The decision of whether to apply for a single PD/PI or multiple PD/PI grant is the responsibility of the investigators and applicant organizations and should be determined by the scientific goals of the project. Applications for multiple PD/PI grants will require additional information, as outlined in the instructions below. The NIH review criteria for approach, investigators, and environment have been modified to accommodate applications involving either a single PD/PI or multiple PDs/PIs. When considering multiple PDs/PIs, please be aware that the structure and governance of the PD/PI leadership team as well as the knowledge, skills and experience of the individual PD/PIs will be factored into the assessment of the overall scientific merit of the application. Multiple PDs/PIs on a project share the authority and responsibility for leading and directing the project, intellectually and logistically. Each PD/PI is responsible and accountable to the grantee organization, or, as appropriate, to a collaborating organization, for the proper conduct of the project or program, including the submission of required reports. For further information on multiple PDs/PIs, please see http://grants.nih.gov/grants/multi_pi.

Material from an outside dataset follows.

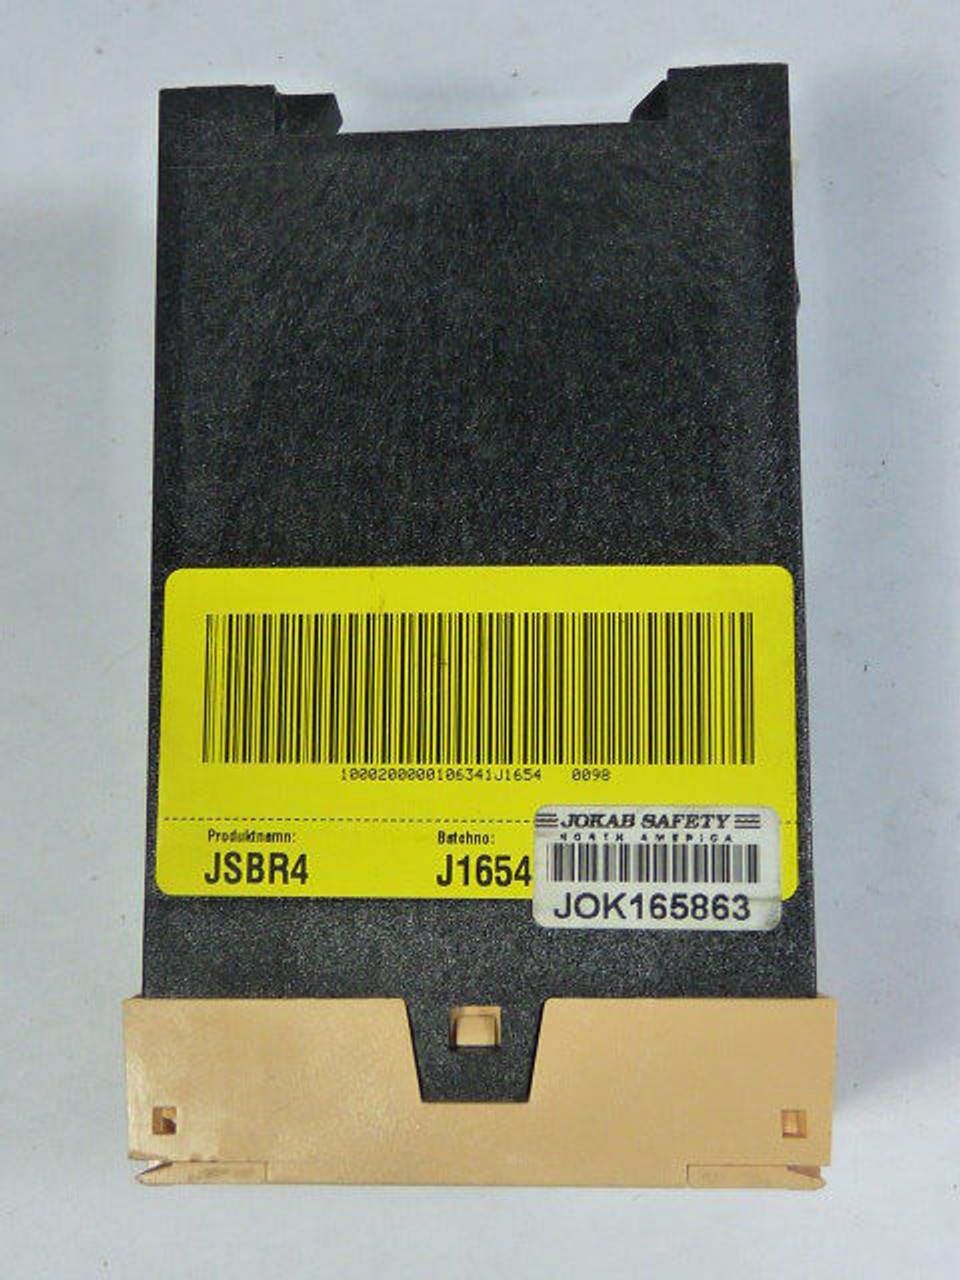 Jokab Safety JSBR4 24 VDC Safety Relay USED

2. Cost Sharing or Matching
This program does not require cost sharing as defined in the current NIH Grants Policy Statement.
3. Other-Special Eligibility Criteria
Applicants may submit more than one application, provided each application is scientifically distinct.
Section IV. Application and Submission Information
To download a SF424 (R&R) Application Package and SF424 (R&R) Application Guide for completing the SF424 (R&R) forms for this FOA, link to http://www.grants.gov/applicants/apply_for_grants.jsp and follow the directions provided on that Web site.
A one-time registration is required for institutions/organizations at both:
PDs/PIs should work with their institutions/organizations to make sure they are registered in the eRA Commons.
Several additional separate actions are required before an applicant institution/organization can submit an electronic application, as follows:
1) Organizational/Institutional Registration in Grants.gov/Get Registered
2) Organizational/Institutional Registration in the eRA Commons
3) Project Director/Principal Investigator (PD/PI) Registration in the NIH eRA Commons: Refer to the NIH eRA Commons System (COM) Users Guide.
Both the PD/PI(s) and AOR/SO need separate accounts in the NIH eRA Commons since both are authorized to view the application image.
Note that if a PD/PI is also an NIH peer-reviewer with an Individual DUNS and CCR registration, that particular DUNS number and CCR registration are for the individual reviewer only. These are different than any DUNS number and CCR registration used by an applicant organization. Individual DUNS and CCR registration should be used only for the purposes of personal reimbursement and should not be used on any grant applications submitted to the Federal Government.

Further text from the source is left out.